To determine if heart disease is present or not i.e if target is 1 or 0.

Evaluation Criteria

Submissions are evaluated using F1 Score. How do we do it? 

Once you generate and submit the target variable predictions on evaluation dataset, your submissions will be compared with the true values of the target variable. 

The True or Actual values of the target variable are hidden on the DPhi Practice platform so that we can evaluate your model's performance on unseen data. Finally, an F1 score for your model will be generated and displayed.

About the dataset

This database contains 14 attributes. The "target" variable refers to the presence of heart disease in the patient (0 = not present, 1 = present).

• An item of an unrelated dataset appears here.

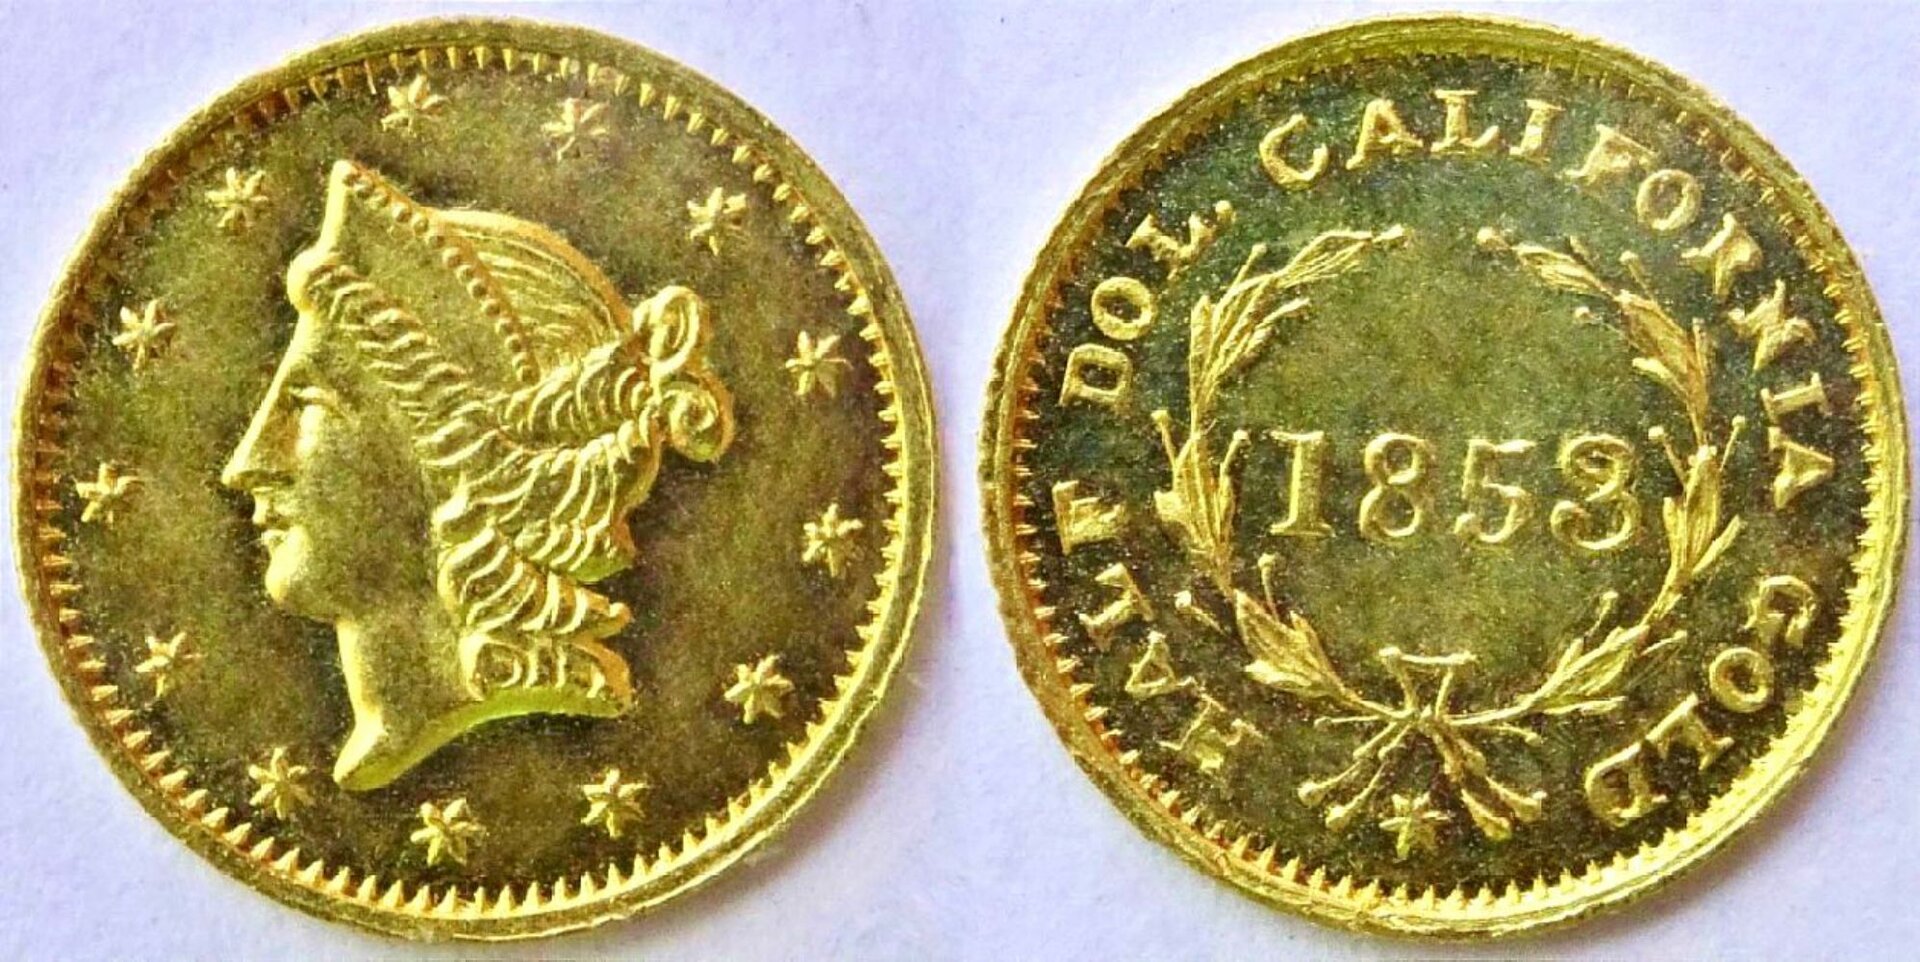 1857 Coin-30 Califo Gold 50c BG428.jpg

To load the training data in your jupyter notebook, use the below command:

import pandas as pd
heart_data  = pd.read_csv("https://raw.githubusercontent.com/dphi-official/Datasets/master/Heart_Disease/Training_set_heart.csv" )

Data Description
  • age: Age in years
  • sex: 1 = male, 0 = female
  • cp: Chest pain type
  • trestbps: Resting blood pressure (in mm Hg on admission to the hospital)
  • chol: serum cholesterol in mg/dl
  • fbs: fasting blood sugar > 120 mg/dl (1 = true; 0 = false)
  • restecg: Resting electrocardiographic results
  • thalach: Maximum heart rate achieved
  • exang: Exercise induced angina (1 = yes; 0 = no)
  • oldpeak: ST depression induced by exercise relative to rest
  • slope: The slope of the peak exercise ST segment
  • ca: Number of major vessels (0-3) colored by fluoroscopy
  • thal: 3 = normal; 6 = fixed defect; 7 = reversible defect
  • target: 1 = Heart disease present, 0 = Heart disease not present

Evaluation Dataset

Load the evaluation data (name it as 'evaluation_data'). You can load the data using the below command.

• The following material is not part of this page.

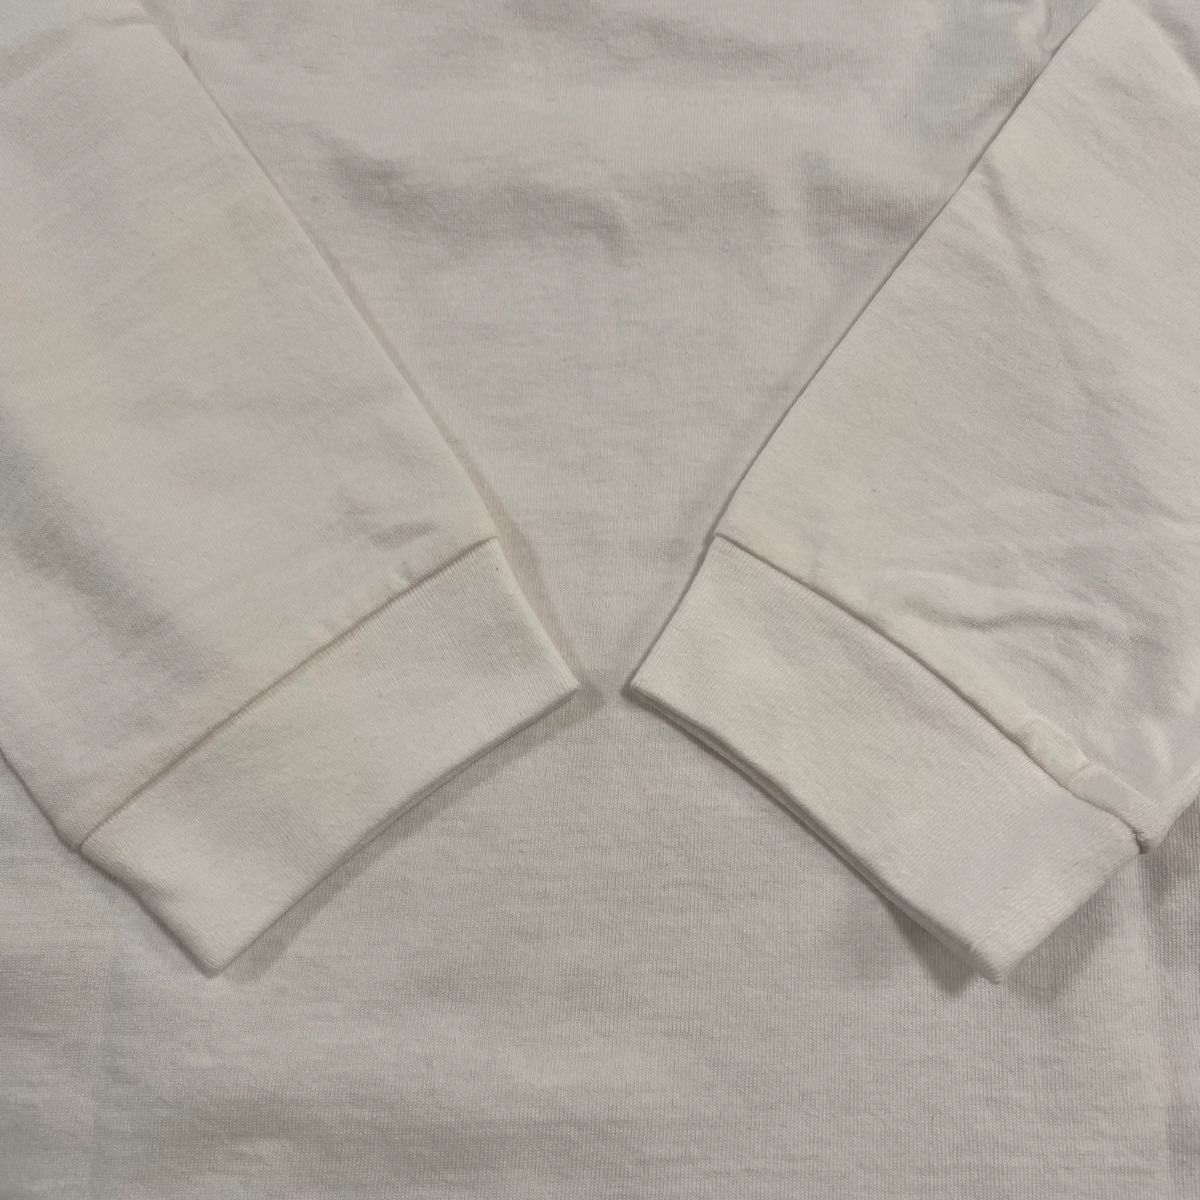 【新品】 キャロウェイ トラヴィスマシュー モック 胸ポケット ホワイト M

evaluation_data = pd.read_csv("https://raw.githubusercontent.com/dphi-official/Datasets/master/Heart_Disease/Testing_set_heart.csv" )

Here the target column is deliberately not there as you need to predict it.


This dataset is downloaded from UCI Machine Learning Repository -




You need to choose a submission file.

File Format

Your submission should be in CSV format.


This file should have a header row called 'prediction'.
Please see the instructions to save a prediction file under the “Data” tab.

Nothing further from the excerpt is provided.